A quoi servent les actionnaires ?

par Jean-Philippe Touffut (dir.) Coll. Centre Cournot pour la recherche en économie, éd. Albin Michel, 280 p., 2009, 24 euros.

A quoi servent les actionnaires ? Certains seront sans doute tentés de répondre " à rien " ou " à plumer la volaille des salariés ". Ce n’est évidemment pas la réponse qu’apporte ce livre collectif issu d’un colloque consacré à cette question. Parmi les auteurs qui ont présenté des communications, on trouve l’ancien PDG de Saint-Gobain, Jean-Louis Beffa, tandis que Robert Solow, " prix Nobel " d’économie, animait la table ronde finale. Toutefois, ce qui ressort du livre est que l’entreprise n’appartient pas uniquement à ses actionnaires, comme le stipule le droit des sociétés, mais à l’ensemble des parties prenantes qui la font vivre, et il serait donc légitime que la direction de l’entreprise prenne en compte cette pluralité, au lieu d’avoir les yeux fixés, comme trop souvent - et comme le proclament la plupart des théoriciens de la firme - sur la valeur actionnariale.

Une primauté injustifiée

Cette position critique est développée notamment dans les interventions de Christophe Clerc, qui ouvre la danse et qui dénonce, dans un texte remarquable, le traitement accordé à l’actionnaire dans le droit des sociétés : alors que sa responsabilité est limitée à son apport, il peut espérer des profits illimités. Il n’est pas légitime de donner la primauté à un irresponsable, soutient l’auteur, non sans logique, et cette situation revient à ce que " les décideurs ne sont pas les payeurs ". Car, si la société disparaît ou se trouve en difficulté, les autres parties prenantes (salariés, prêteurs, Etat, collectivités territoriales et fournisseurs), à commencer par les salariés, perdent bien davantage que les actionnaires.

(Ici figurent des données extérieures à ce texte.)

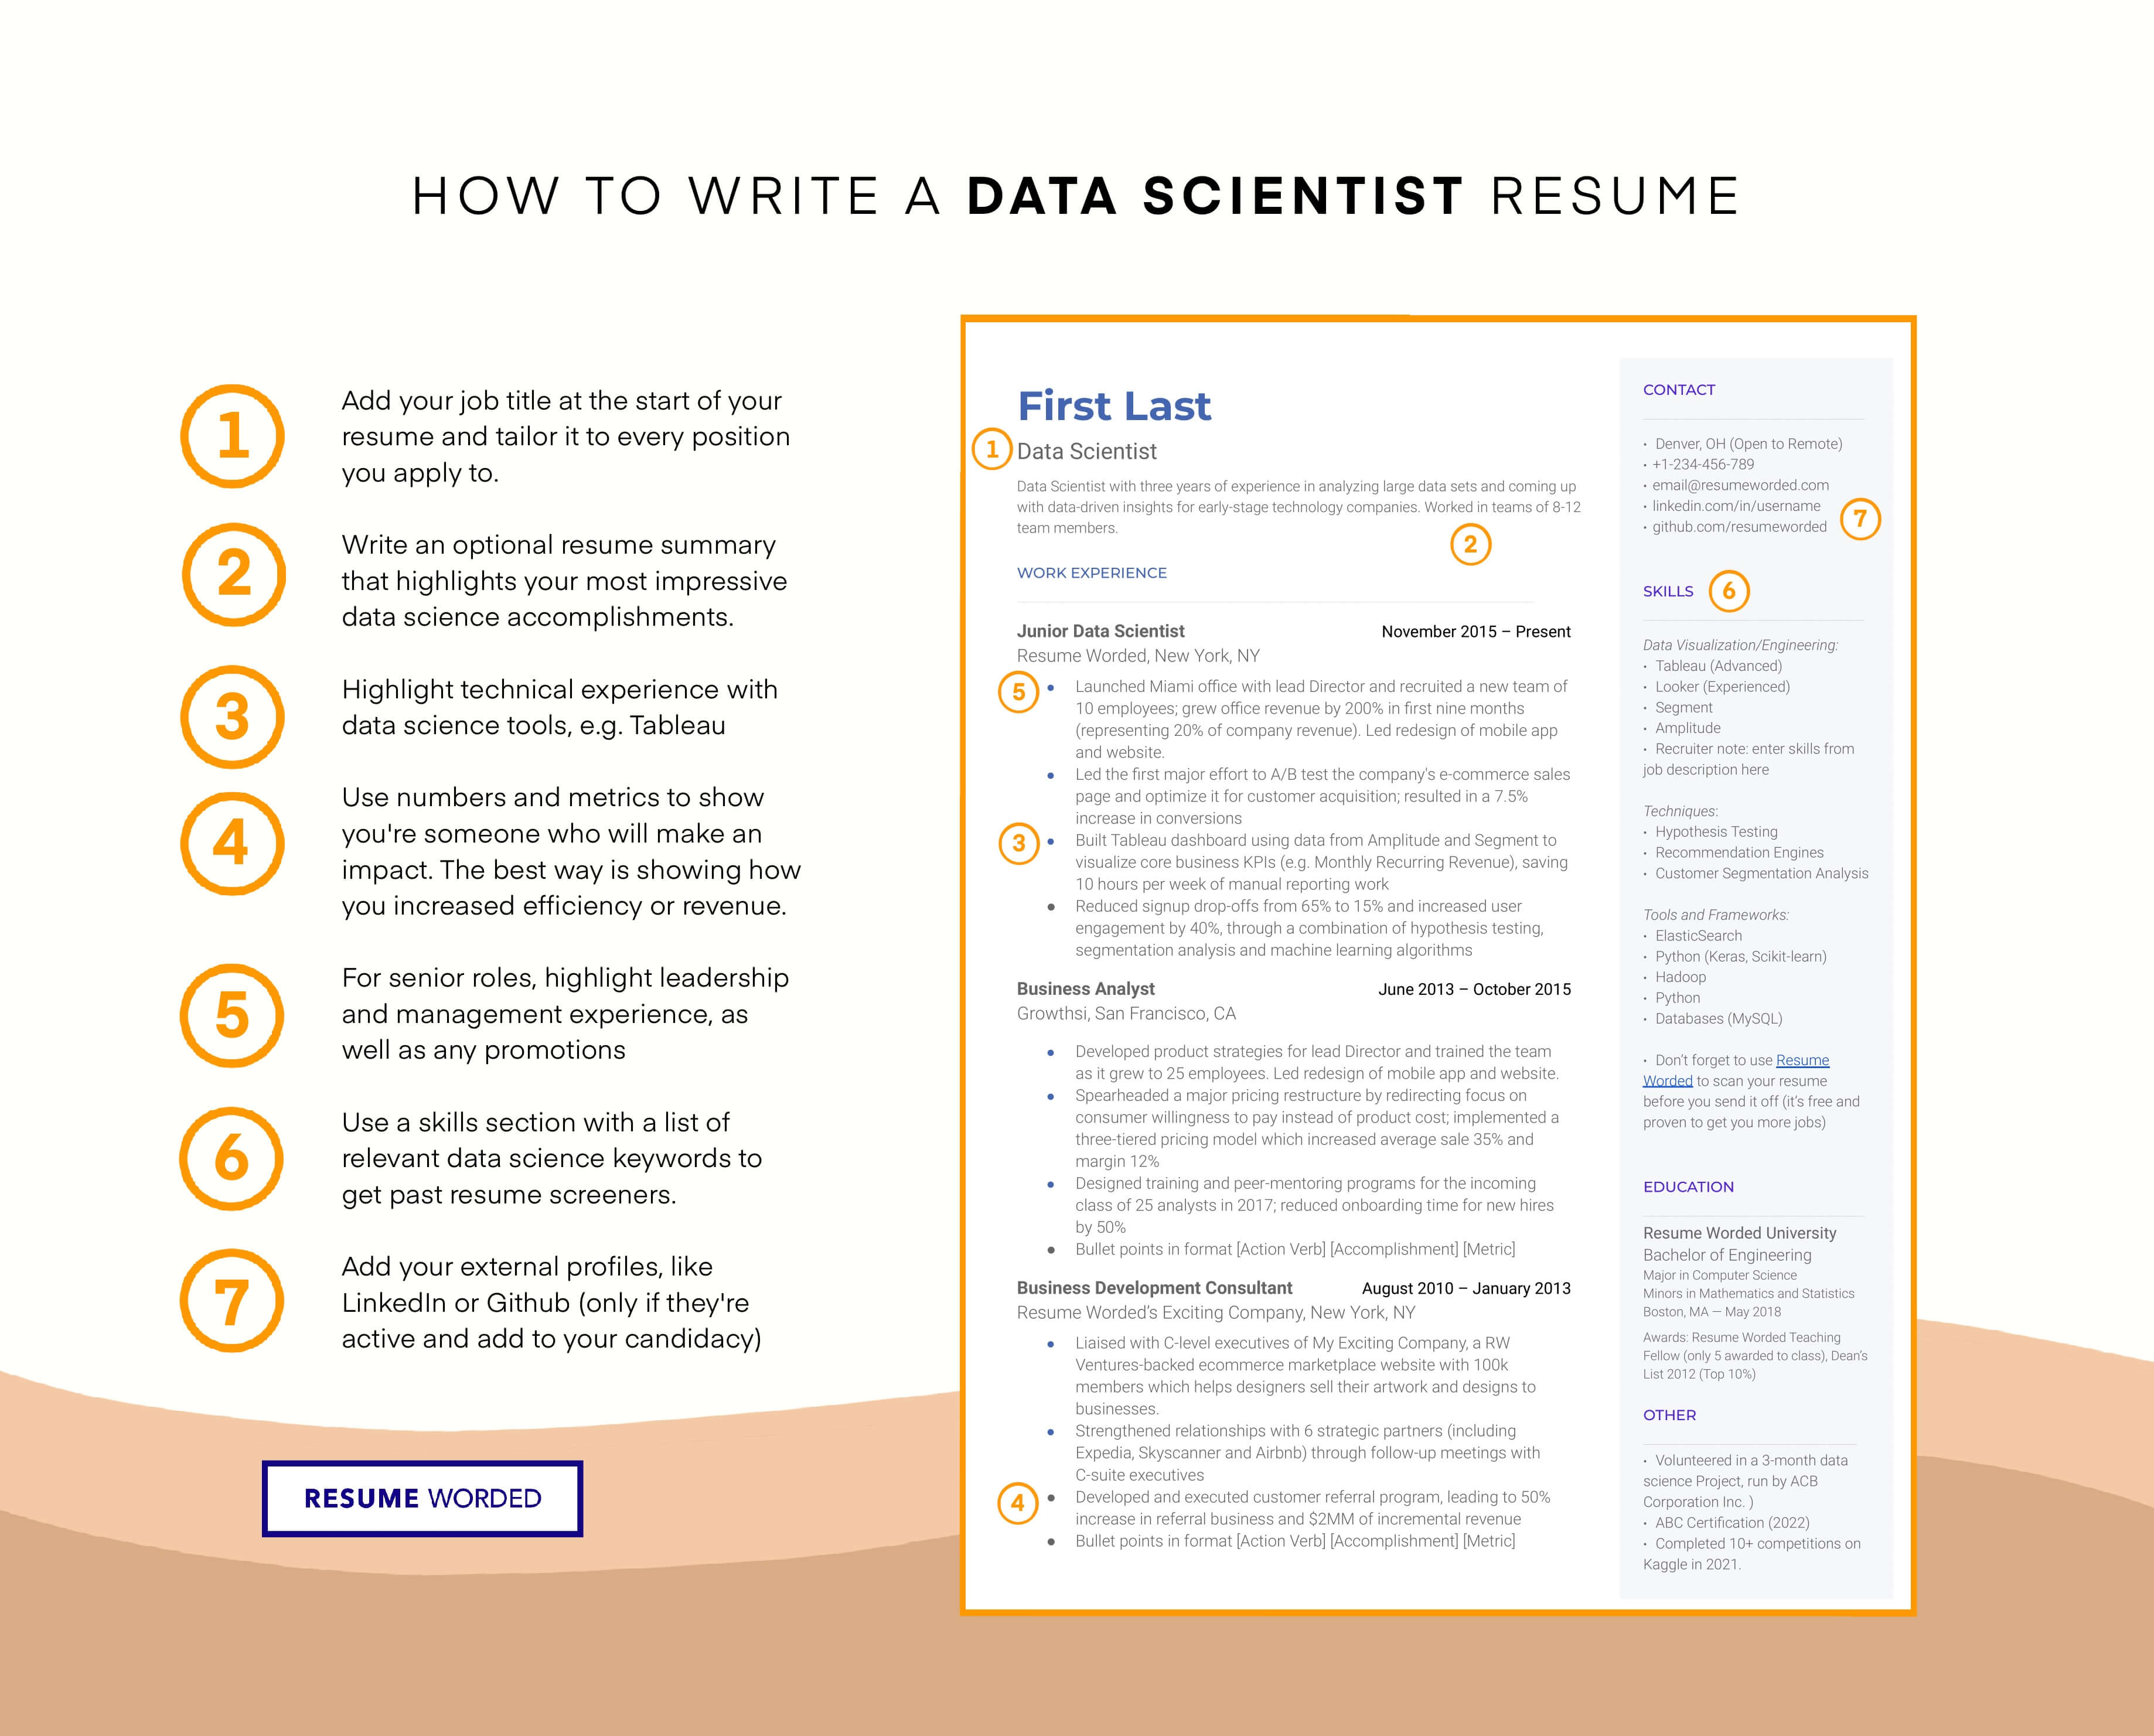 Numbers and metrics relevant to data scientists - Data Scientist Resume

Certes, les partisans de la " théorie suprématiste " (le pouvoir appartient aux actionnaires) avancent qu’il en est ainsi parce que les actionnaires assument le risque et se payent sur ce qui reste, s’il reste quelque chose, une fois tous les coûts de production déduits. Mais cette justification n’en est pas une, puisque l’ensemble des parties prenantes sont concernées par le risque, tandis que seuls les actionnaires décident de l’affectation du surplus s’il existe.

Margaret Blair, une économiste universitaire américaine qui travaille sur ce sujet, rebondit (au sein de la table ronde), avançant qu’elle a trouvé " sept raisons qui montrent que la primauté de l’actionnaire et/ou le contrôle qu’il exerce ne sont pas susceptibles de favoriser la maximisation du bien-être social ". On résume l’essentiel : l’actionnaire est le plus souvent incompétent, ignorant tout de l’entreprise ; il est trop souvent opportuniste, guettant la plus-value bien plus que la réussite de l’entreprise ; il risque plutôt moins que les autres apporteurs de compétences ou d’inputs ; la valeur actionnariale peut très bien cacher une destruction de valeur sociale, etc. On imagine la tête de Colette Neuville, l’apôtre des petits actionnaires...

Etablir un contrat social

Certes, mais alors que faire ? C’est là qu’intervient Lorenzo Sacconi, professeur d’économie italien. Dans un texte brillant (mais pas facile à lire), il propose la construction d’un contrat social entre toutes les parties prenantes, par négociation et élaboration d’un compromis. Il s’agit de transformer la lutte entre des acteurs aux intérêts différents, voire divergents, en coopération. La direction de l’entreprise (dont l’auteur suggère qu’elle soit " déléguée à la partie prenante qui est la plus efficace dans les fonctions de gouvernance ") a alors pour mission d’en tirer une " fonction objectif " qu’elle doit maximiser, le partage du surplus s’opérant entre parties prenantes conformément au contrat social.

Bref, on l’aura compris, ce livre sort du commun. On y trouve aussi d’autres thèmes (la diversité des actionnaires, le lien entre efficacité de l’entreprise et pouvoir des actionnaires...), mais la partie innovante se trouve dans ce débat, pour l’instant académique mais qui pourrait très bien arriver au premier plan, à la faveur de la crise - qui est aussi une crise de légitimité du capitalisme classique.